Appendix D — Case Study Library - Overview

doi:10.5281/zenodo.18263442

Appendix D — Case Study Library - Overview

A collection of 15 real-world AI implementations in public health, examining successes, failures, and lessons learned. Each case study provides technical depth, practical insights, and evidence-based recommendations.

How to Use This Appendix

Quick scan? Review the summary table and key themes below
Specific domain? Jump to relevant sections using the navigation links
Deep dive? Read the complete case studies
Code implementation? All cases include working Python examples

Appendix Summary (TL;DR)

The Big Picture: This appendix examines 15 real-world AI implementations in public health spanning 2008-2024, documenting successes, failures, and critical lessons. Reality check: Only 33% clear successes, 40% partial successes, 27% instructive failures. The gap between laboratory performance and clinical impact is substantial and predictable.

Outcome Distribution: - Clear Successes (5 cases): BlueDot COVID-19 detection (9 days before WHO), ProMED human-AI collaboration (50K reports/year, >90% accuracy), IDx-DR FDA-approved autonomous diagnostic, Hospital bed allocation (2,054% ROI + 80% disparity reduction), Project ECHO+AI rural health (840% ROI) - Partial Successes (6 cases): Google Flu Trends (recovered from 135% error through hybrid approach), Mammography AI (works in some contexts, 10-15% external performance drop), Crisis Text Line (250 lives saved but 8% false negatives), AlphaFold drug discovery (faster but zero approvals yet), NHS disparity detection (revealed problems, partial fixes) - Instructive Failures (4 cases): DeepMind AKI (AUC 0.92 but 90% alerts ignored, zero outcome improvement), Sepsis RL (observational data confounding), COVID models (98% high bias, minimal clinical use), Ventilator allocation (hospitals rejected AI for life-death decisions)

Top 10 Lessons Across All Cases:

Technical success ≠ clinical impact - DeepMind AKI: 0.92 AUC, no patient outcome change
External validation mandatory - Internal performance always overestimates real-world by 10-15%
Fairness requires active design - Algorithms perpetuate bias unless explicitly constrained (Allegheny 47% FPR Black families vs hospital beds 80% disparity reduction with fairness constraints)
Human-AI collaboration optimal - ProMED, ECHO+AI, Crisis Text Line all outperform either alone
Context matters profoundly - Same algorithm performs differently across settings (equipment, workflows, populations)
Economic value can be substantial - Hospital beds 2,054% ROI, ECHO+AI 840% ROI when done right (but requires upfront investment)
Implementation is half the battle - Algorithm quality insufficient without workflow integration, training, change management
Transparency builds trust - Explainable AI preferred, public documentation increases accountability
Continuous monitoring required - Performance degrades over time (Google Flu Trends model drift)
Some decisions should remain human - Ventilator allocation, Crisis Text Line final authority: life-death requires human judgment

Coverage: - 9 domains: Surveillance, diagnostics, treatment, resource allocation, population health, health economics, mental health, drug discovery, rural health - Over 50 code implementations in Python (TensorFlow, PyTorch, scikit-learn, XGBoost, SHAP, Fairlearn) - Over 100 peer-reviewed papers cited - 16 years of AI evolution (2008-2024)

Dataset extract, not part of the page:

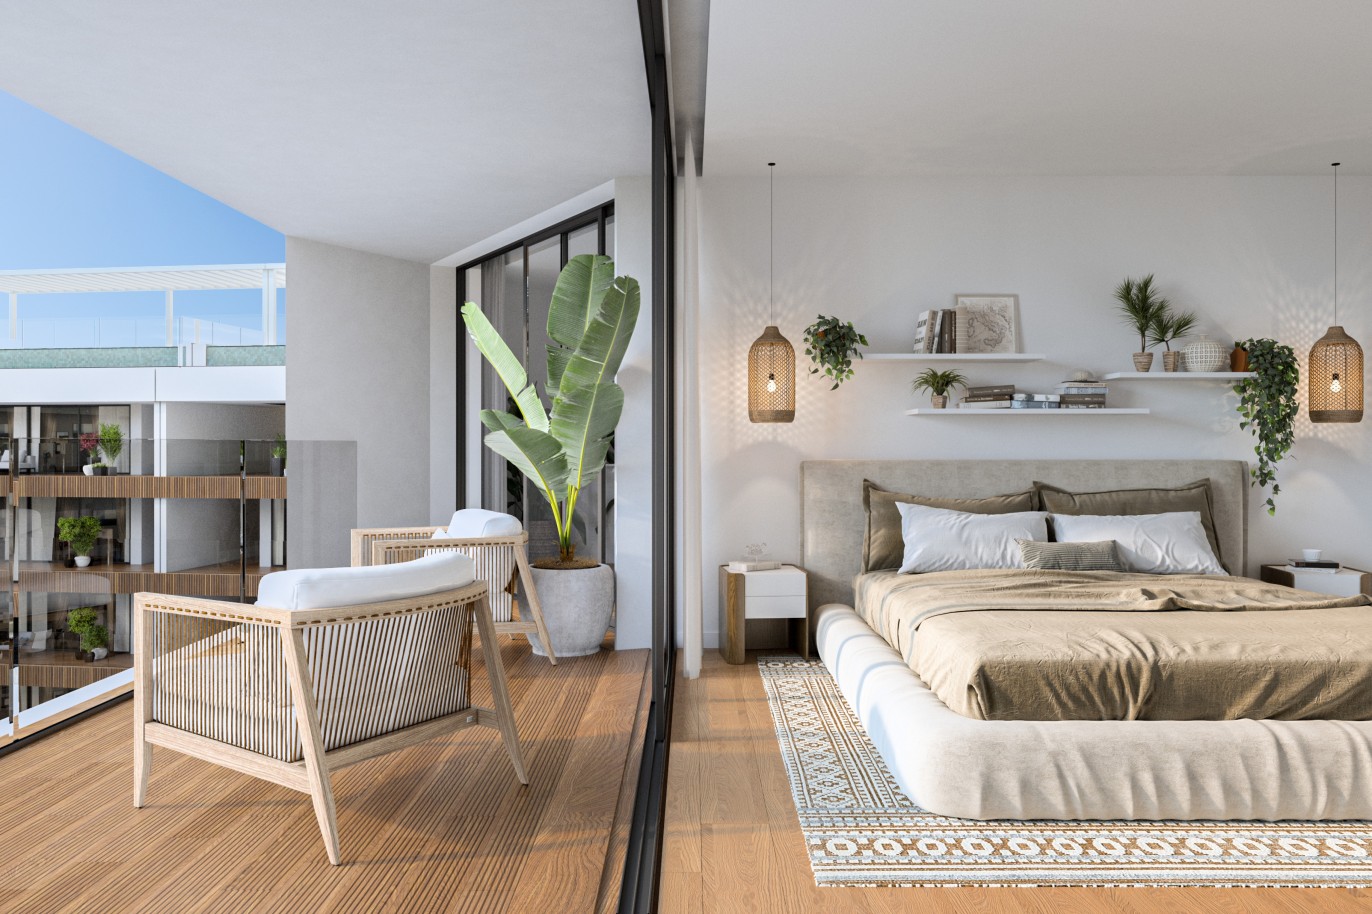 Appartements neufs avec vue sur mer, 1, 2 & 3 chambres, à vendre à Olhão, Algarve_243912

Key Insight for Practitioners: External validation reveals the truth, internal test sets overestimate by 10-15 percentage points consistently. If you don’t validate externally (different sites, populations, equipment, time periods), expect failure at deployment. The cases that succeeded all had extensive external validation; those that failed skipped this step.

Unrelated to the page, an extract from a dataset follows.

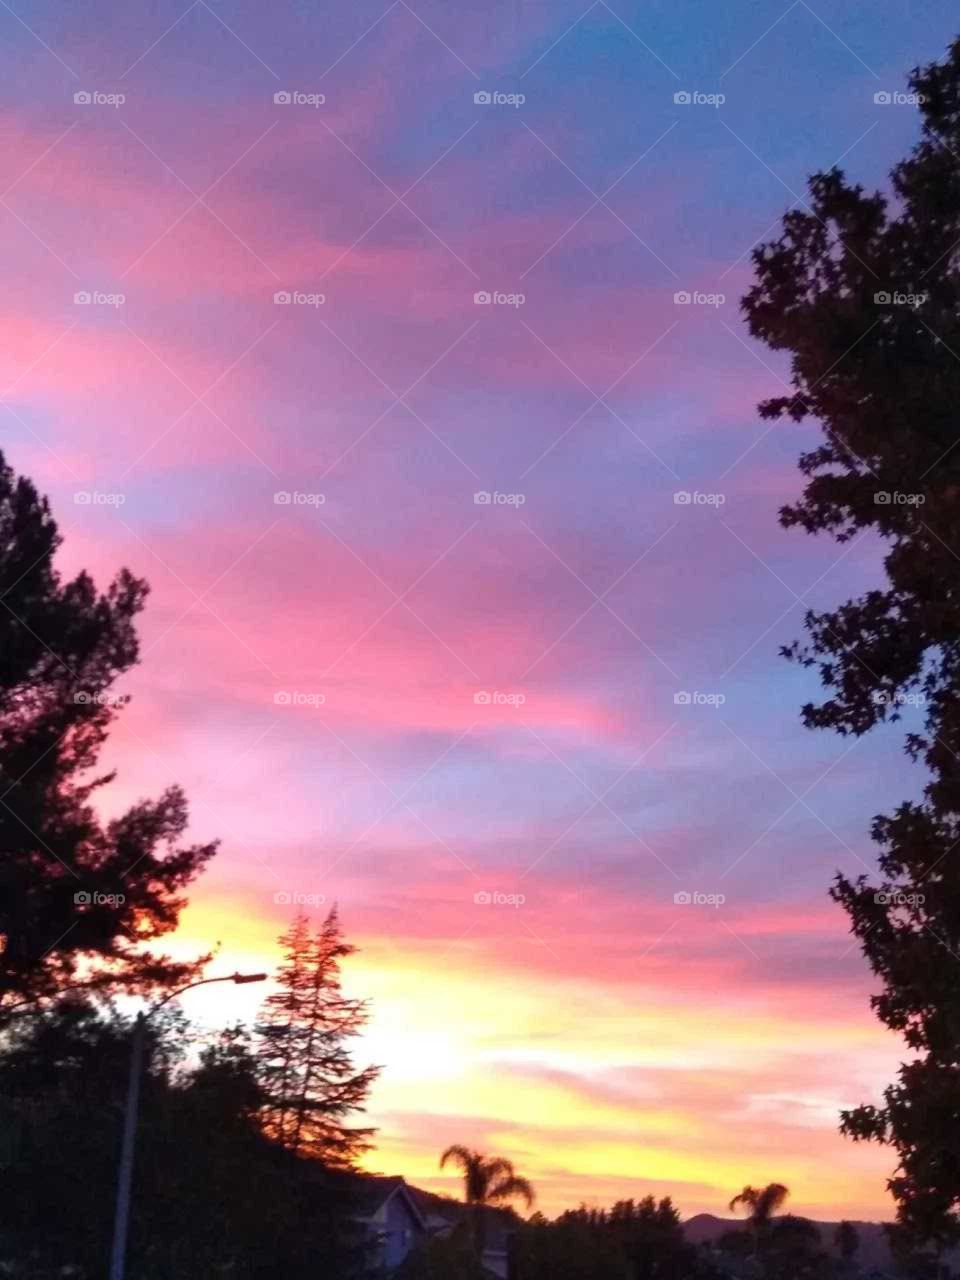 Temecula California evening sunset

Economic Reality: ROI ranges from 840% (ECHO+AI) to 2,054% (hospital beds) for successful implementations, but requires 3-5 year investment horizon, sustainable payment models, and organizational commitment. Failed implementations lose investment entirely.

Fairness Reality: Historical bias in data perpetuates inequality unless actively mitigated. Allegheny (no fairness constraints): 47% FPR Black families. Hospital beds (explicit fairness constraints): 80% disparity reduction. The difference is intentional design, not algorithm choice.

Takeaway: Study failures before building. The 4 instructive failures (DeepMind AKI, Sepsis RL, COVID models, Ventilator allocation) share common pitfalls: poor workflow integration, observational data confounding, inadequate validation, inappropriate use cases. Avoiding these errors is more valuable than chasing the latest algorithms.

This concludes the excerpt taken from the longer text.